The Spatially-resolved Laser Activated Cell Sorter (SLACS) instrument comprises optical modules and mechanical modules for high-throughput retrieval of samples from the tissue. Two motorized stages exist for handling the retrieved targets. An X-Y axis motorized stage (ACS Motion Control, Migdal, Israel) was built to control the spatial location of the target. The device can be controlled automatically by communicating with a computer. One stage is for loading sample slides, and the other stage is for loading tubes to receive isolated cells. A charge-coupled device (CCD) camera (Jenoptik, Jena, Germany) was installed to observe where the laser pulse will be applied through the objective lenses. A neodymium-doped yttrium aluminum garnet (Nd:YAG) nanosecond laser was purchased from Continuum (Minilite™ Series ML II; Continuum, San Jose, CA). There is a slit located in the light path between the laser source and the objective lens to control the region to be isolated. The slit is controlled either manually or automatically to adjust the size of the laser pulse. Objective lenses with various magnifications were purchased from Mitutoyo. The long working distance allows more space between the lens and the sample for user convenience.

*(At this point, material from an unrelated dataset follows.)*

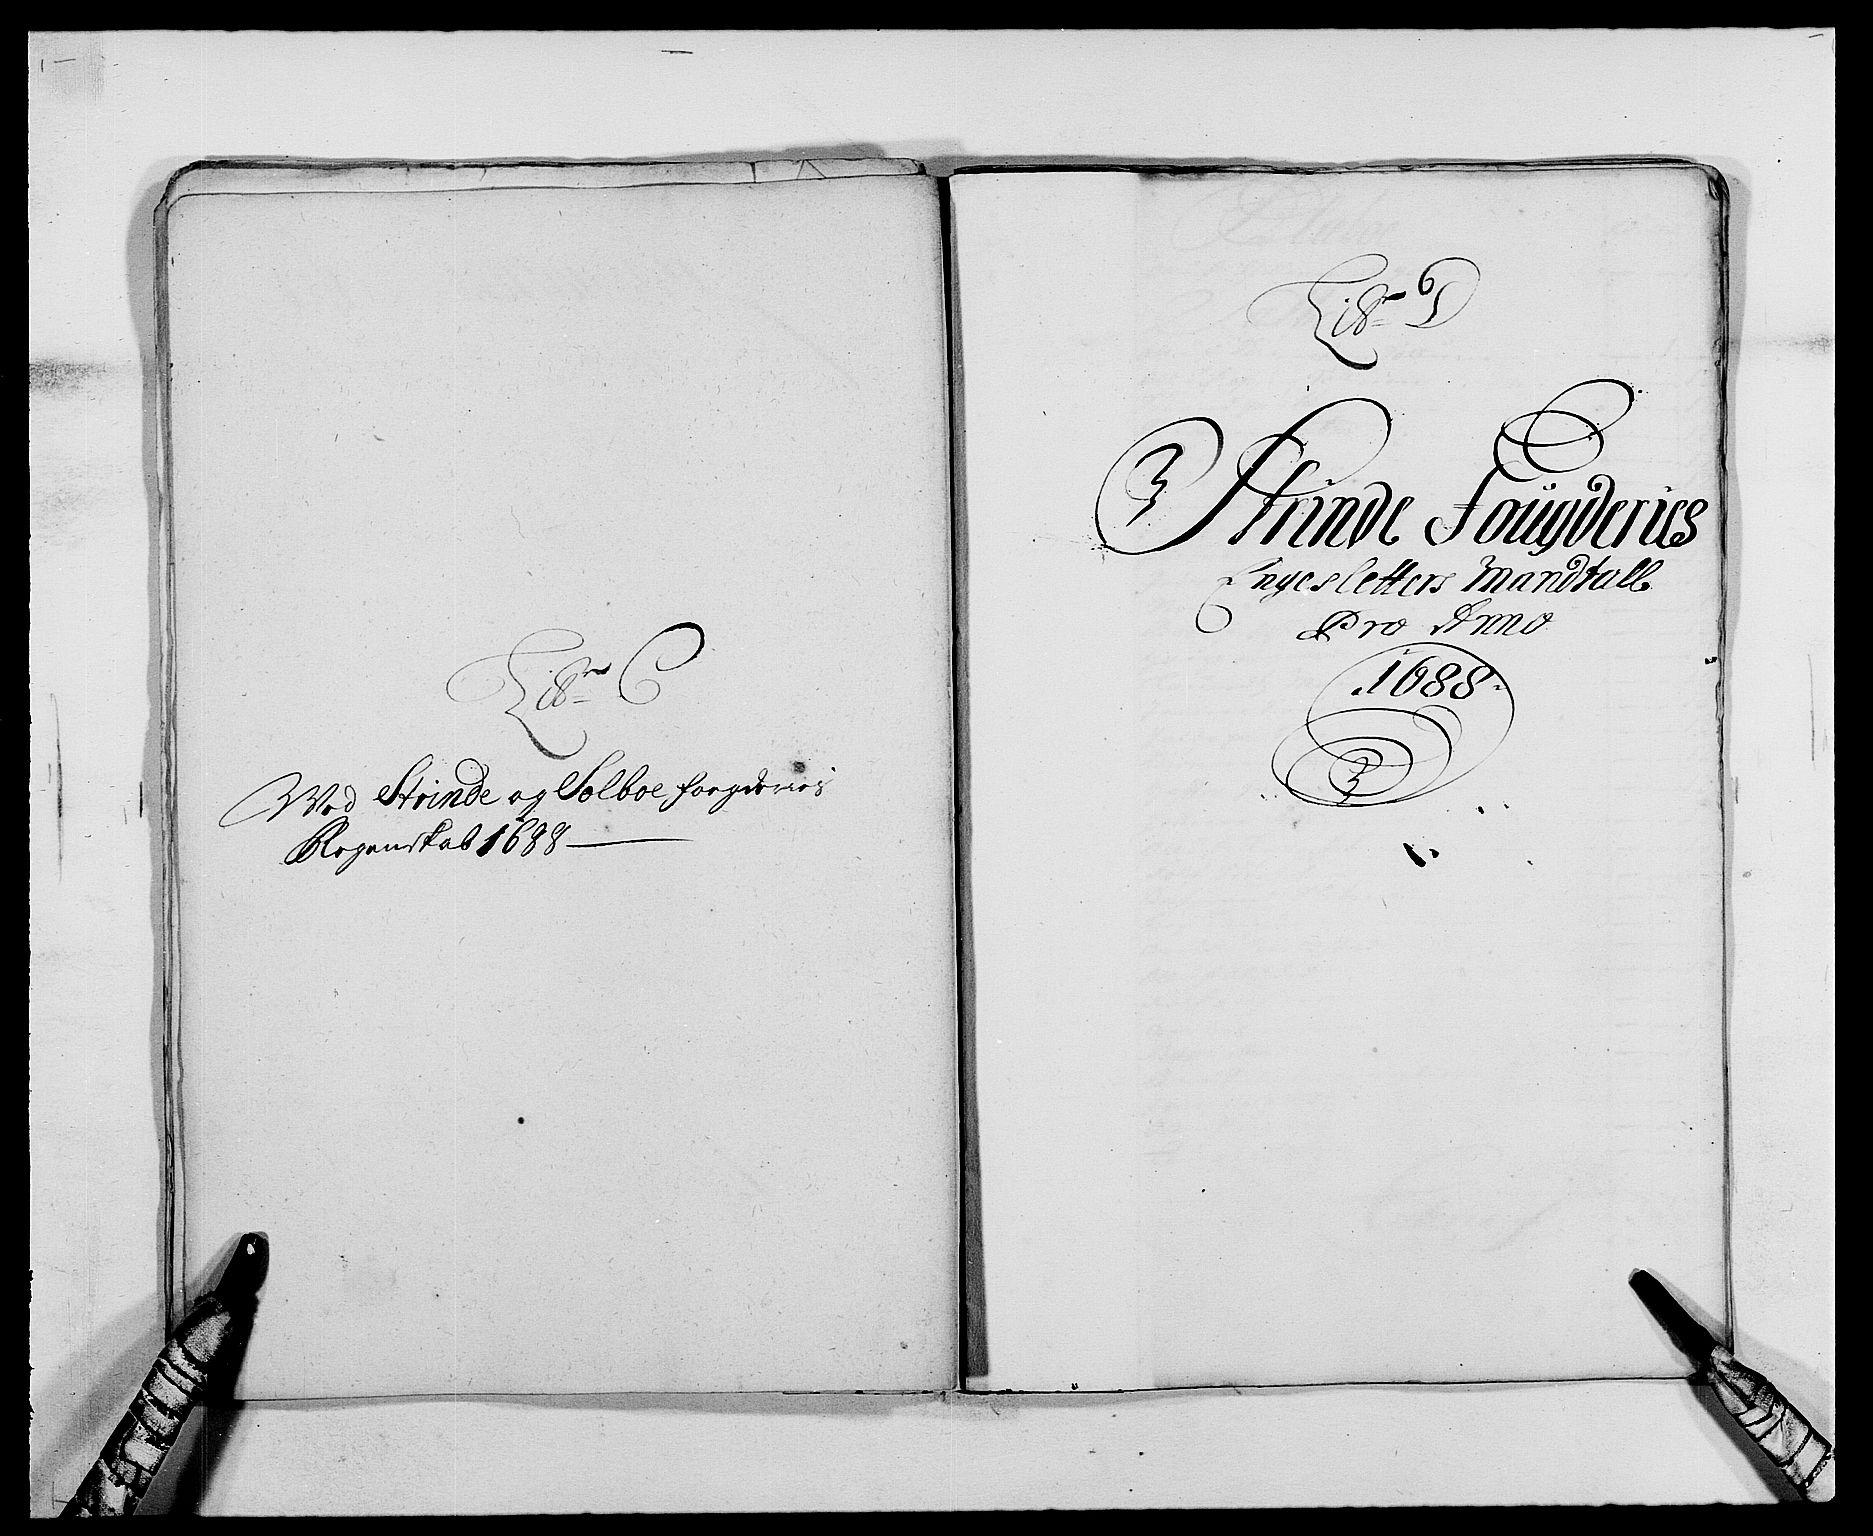 RA, Rentekammeret inntil 1814, Reviderte regnskaper, Fogderegnskap, R61/L4101: Fogderegnskap Strinda og Selbu, 1687-1688, s. 177

Communication system for SLACS

We designed two different pieces of software, which were written in Python scripts. The first was built for the user (a pathologist in our case) to select the cells to be isolated. We shared the whole-slide image with the user through a server, and the user ran the software to select the cells of interest while navigating the tissue image through the graphical user interface. After selection, the program produces two files: a text file with locational information about the region of interest and the image file with the selected targets is overlaid with transparent blue on the original image. Both files are required for the automated isolation of the target cells. The second software enables the automatic control of the SLACS instrument. With this software, the users are able to control the slits, change the objective lenses, and move the motorized stages. It also enables automatic target isolation when two files from the first software are loaded. All tissue samples were isolated using an automatic function, while the cell line experiments were performed manually.

Cell culture

Human HEK 293 T (cat # 21573), human IM-9 cells (cat # 10159), human HuT-78 cells (cat # 90078), and murine NIH3T3 cells (cat # 21658) were purchased from Korean Cell Line Bank (KCLB) and propagated according to the manufacturer’s instructions. HEK 293 T cells were cultured in DMEM (Thermo Fischer Scientific, Massachusetts, USA) with 1% penicillin-streptomycin (Corning, New York, USA) and 10% foetal bovine serum (HyClone, Massachusetts, USA) at 37 °C under 5% CO2 and 95% atmospheric air; IM-9 cells were cultured in RPMI 1640 (Thermo Fischer Scientific) with 1% penicillin-streptomycin (Corning, New York, USA) and 10% foetal bovine serum (FBS, HyClone) at 37 °C under 5% CO2 and 95% atmospheric air; HuT cells were cultured in DMEM (Thermo Fischer Scientific, Massachusetts, USA) with 1% penicillin-streptomycin (Corning, New York, USA) and 10% FBS (HyClone, Massachusetts, USA) at 37 °C under 5% CO2 and 95% atmospheric air. NIH3T3 cells were cultured in DMEM (Thermo Fischer Scientific) with 1% penicillin-streptomycin (Corning, New York, USA) and 10% bovine calf serum (HyClone) at 37 °C under 5% CO2 and 95% atmospheric air. Adherent cells such as HEK 293 T cells and NIH3T3 cells were grown to a confluence of 50–80% and treated with TrypLE (Invitrogen, California, USA) for five min, quenched with an equal volume of the growth medium, and spun down at 1500 rpm for 3 min. In addition, suspension cells such as IM-9 and HuT-78 cells were grown to a concentration of 2 × 105–5 × 105 cells/mL and spun down at 1500 rpm for 3 min. Then, the supernatant was removed, and cells were resuspended in 1 mL of 1× PBS with 10 μl RNase Inhibitor (Invitrogen, California, USA) and re-spun at 1500 rpm for 3 min. The supernatant was again removed, and cells were resuspended in 10 μl and spread on indium tin oxide (ITO) glass (Fine Chemicals Industry, Republic of Korea).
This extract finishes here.